> **Record extracts**:
====

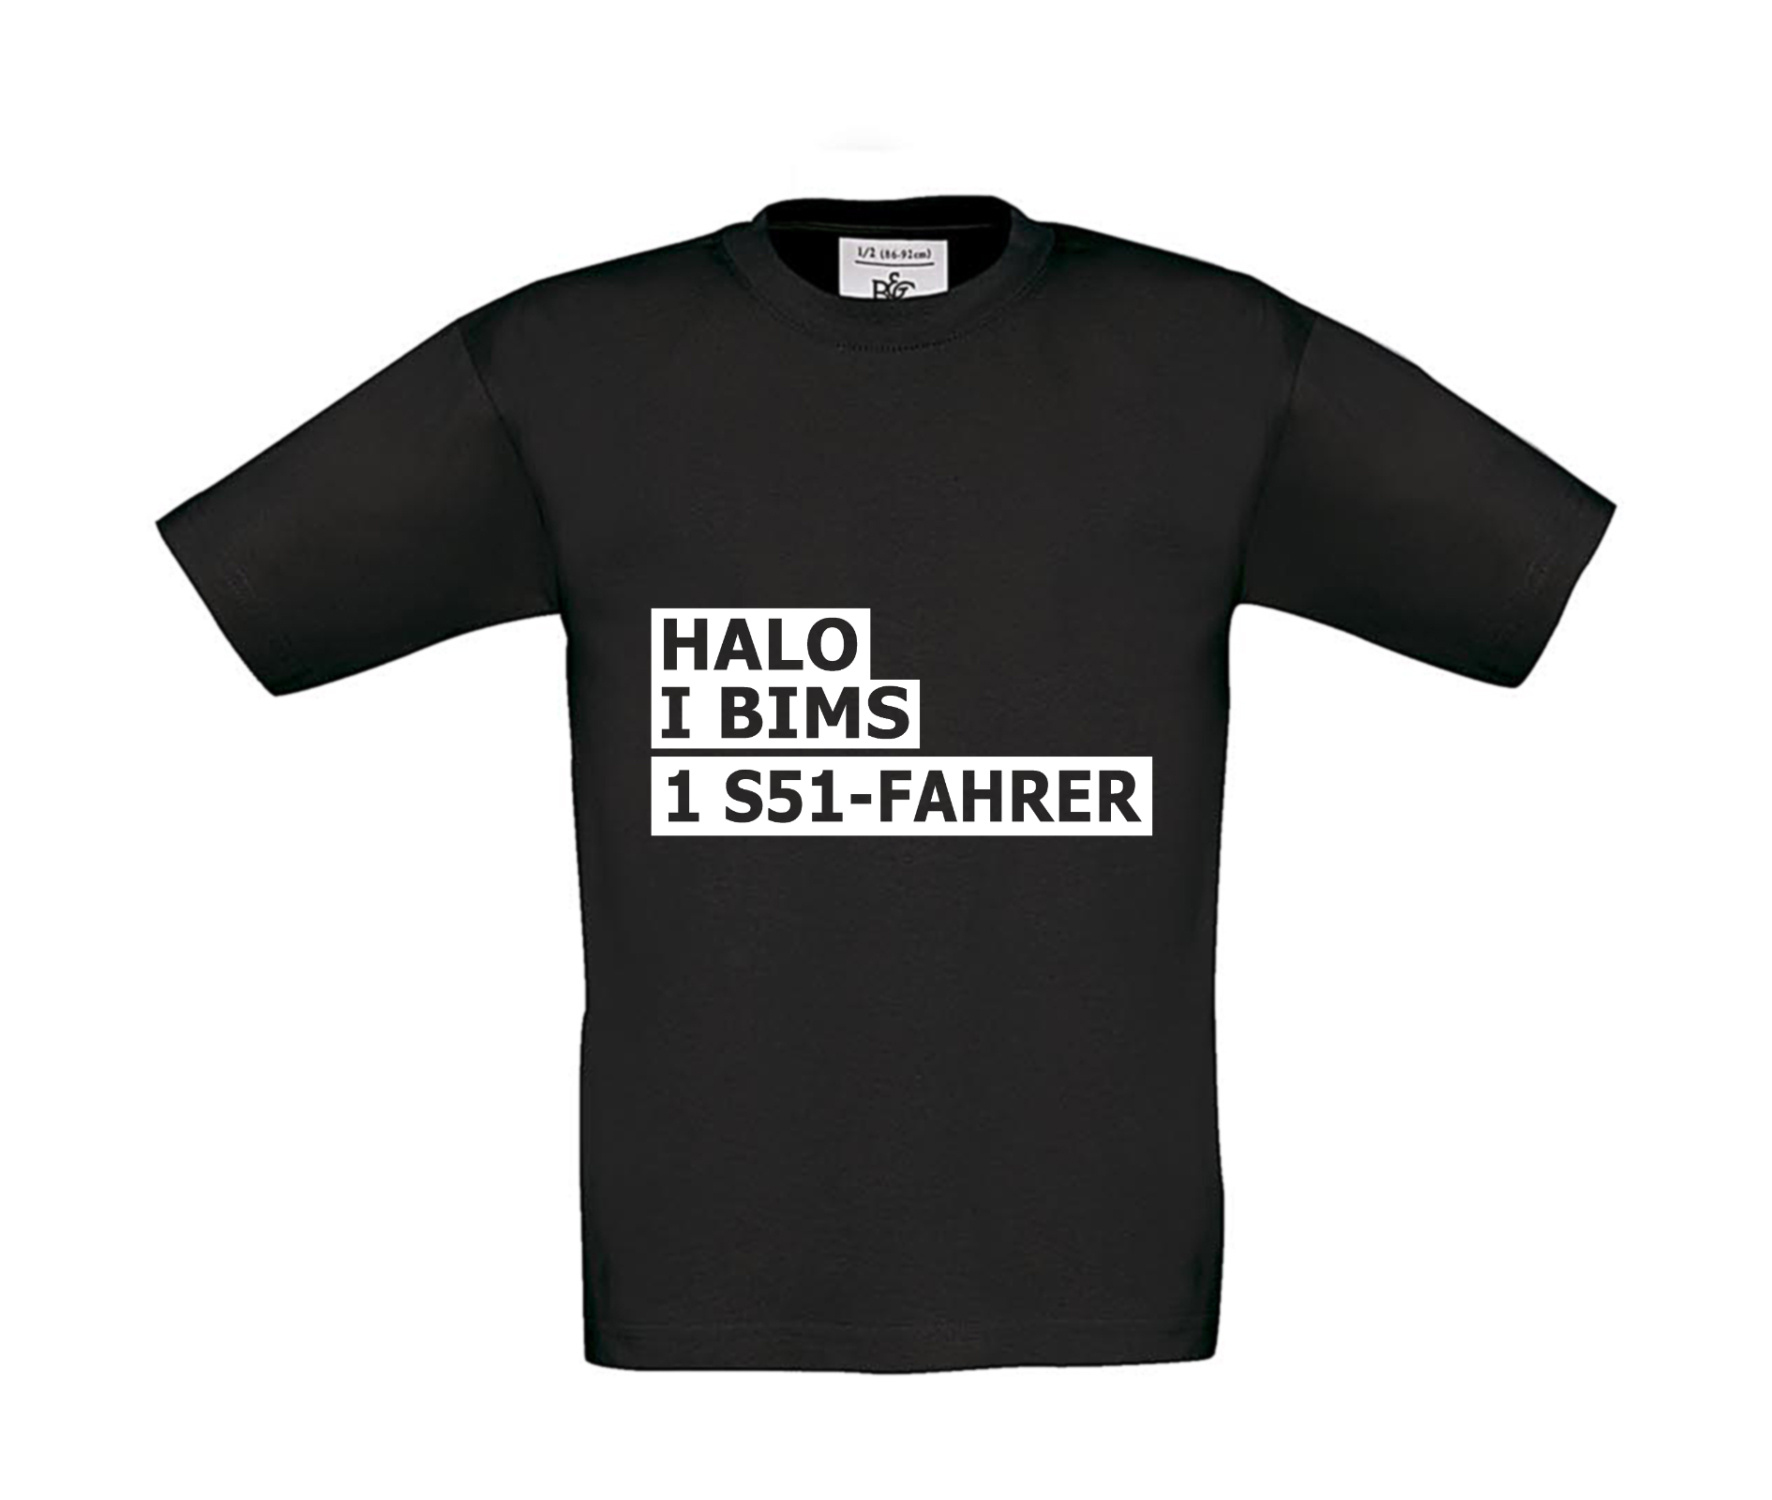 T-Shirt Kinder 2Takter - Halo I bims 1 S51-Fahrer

====

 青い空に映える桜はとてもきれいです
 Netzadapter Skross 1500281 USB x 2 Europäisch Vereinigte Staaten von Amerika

====

> **Prompt**: Taking the line with "青い空に映える桜はとてもきれいです" as the first and the line with "Netzadapter Skross 1500281" as the last, retype that stretch of the data above exactly, with no other lines.

> **Exercise output**:
 青い空に映える桜はとてもきれいです
 Netzadapter Skross 1500281 USB x 2 Europäisch Vereinigte Staaten von Amerika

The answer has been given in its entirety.